-- Assignment --
An acceptable answer repeats exactly the line containing "BOSS Erkek Pamuklu" and all lines that follow it in the listing below, and it includes no pictures.

-- Available data --
══════════

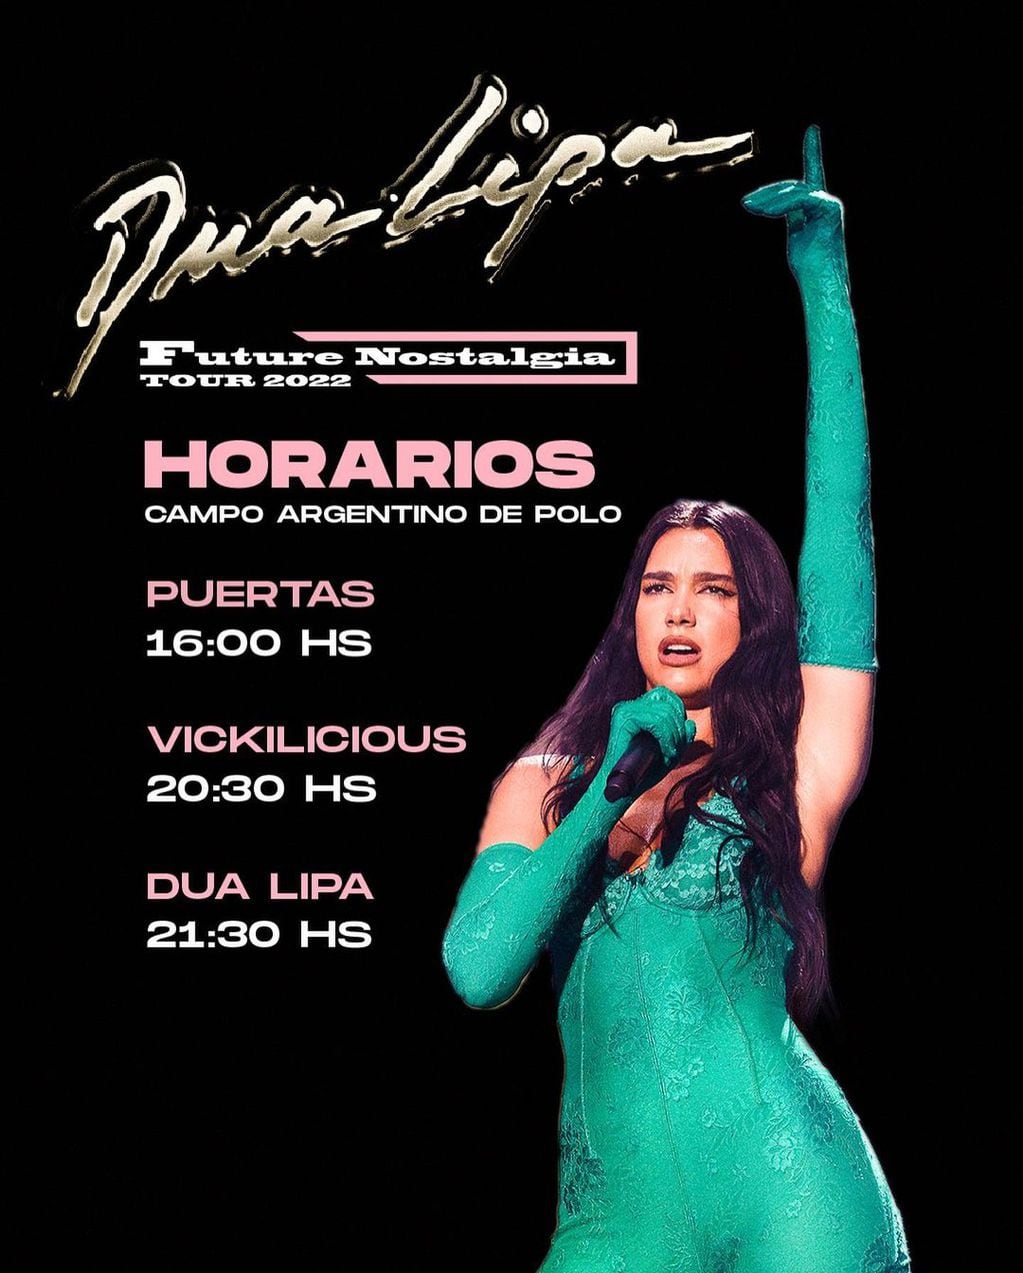 Los horarios del concierto de Dua Lipa en Buenos AiresIn
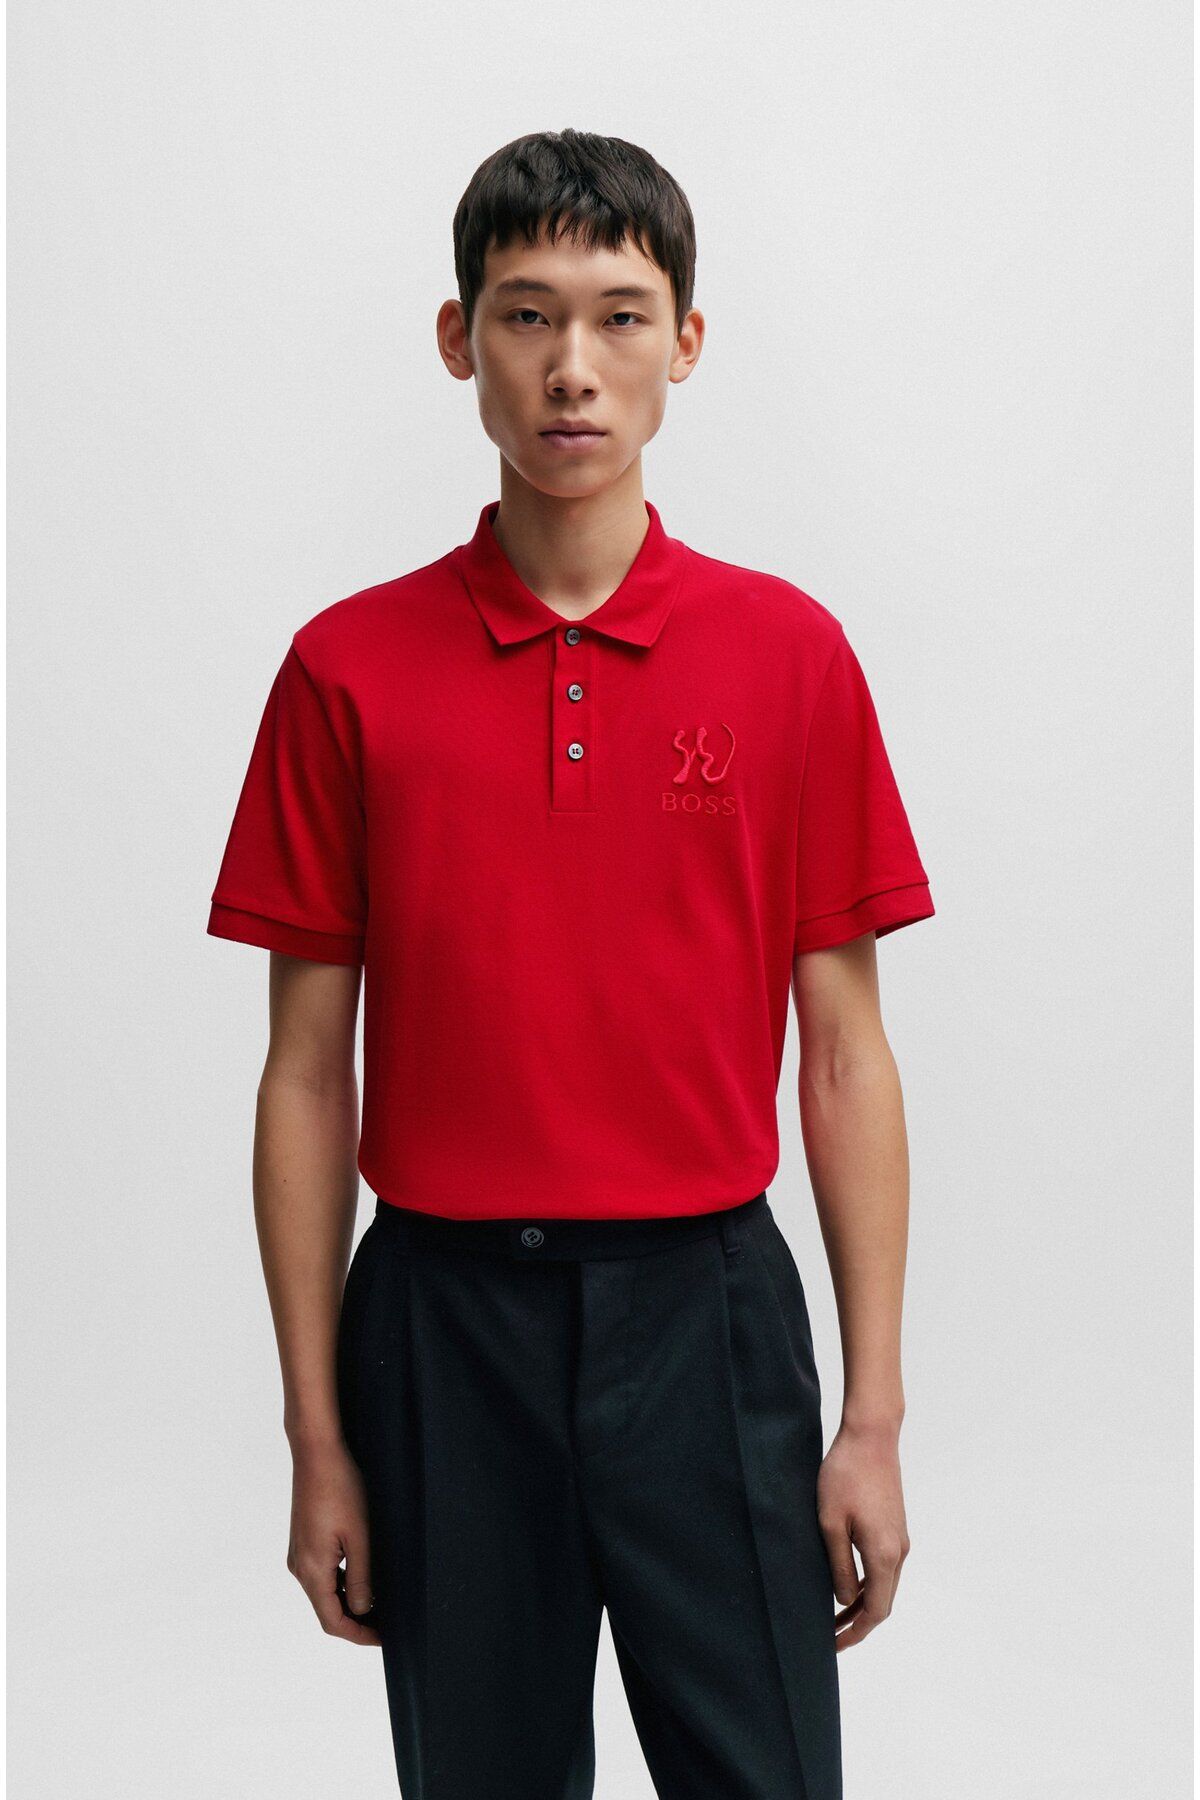 BOSS Erkek Pamuklu Polo Yakalı Düğme Kapamalı Kısa Kollu Kırmızı Polo Yaka T-Shirt 50510126-623
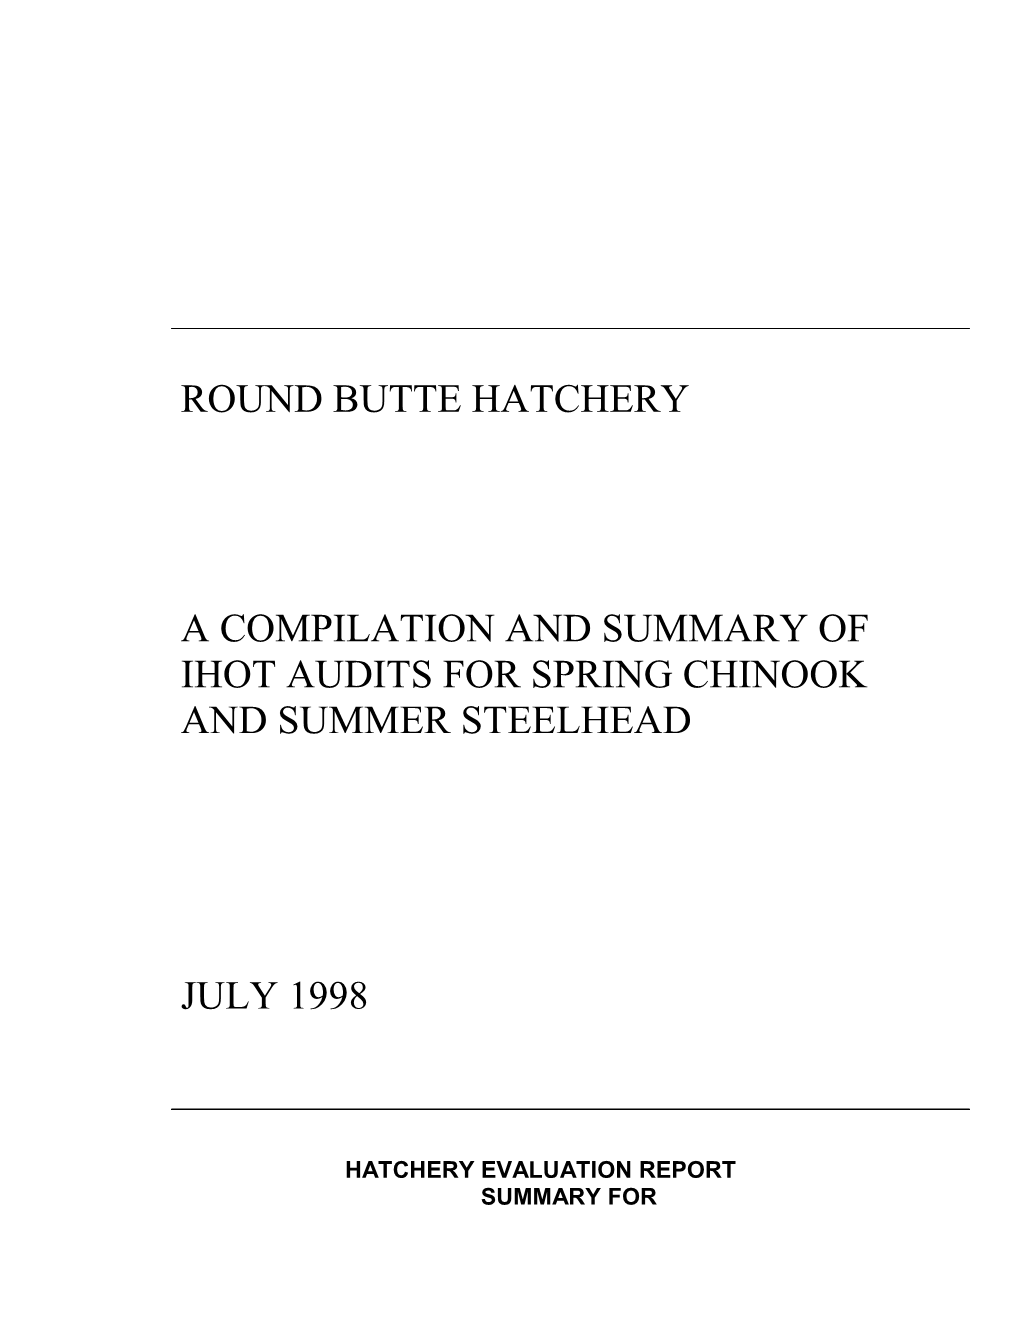 Round Butte Hatchery

══════════

-- Response --
 BOSS Erkek Pamuklu Polo Yakalı Düğme Kapamalı Kısa Kollu Kırmızı Polo Yaka T-Shirt 50510126-623
 Round Butte Hatchery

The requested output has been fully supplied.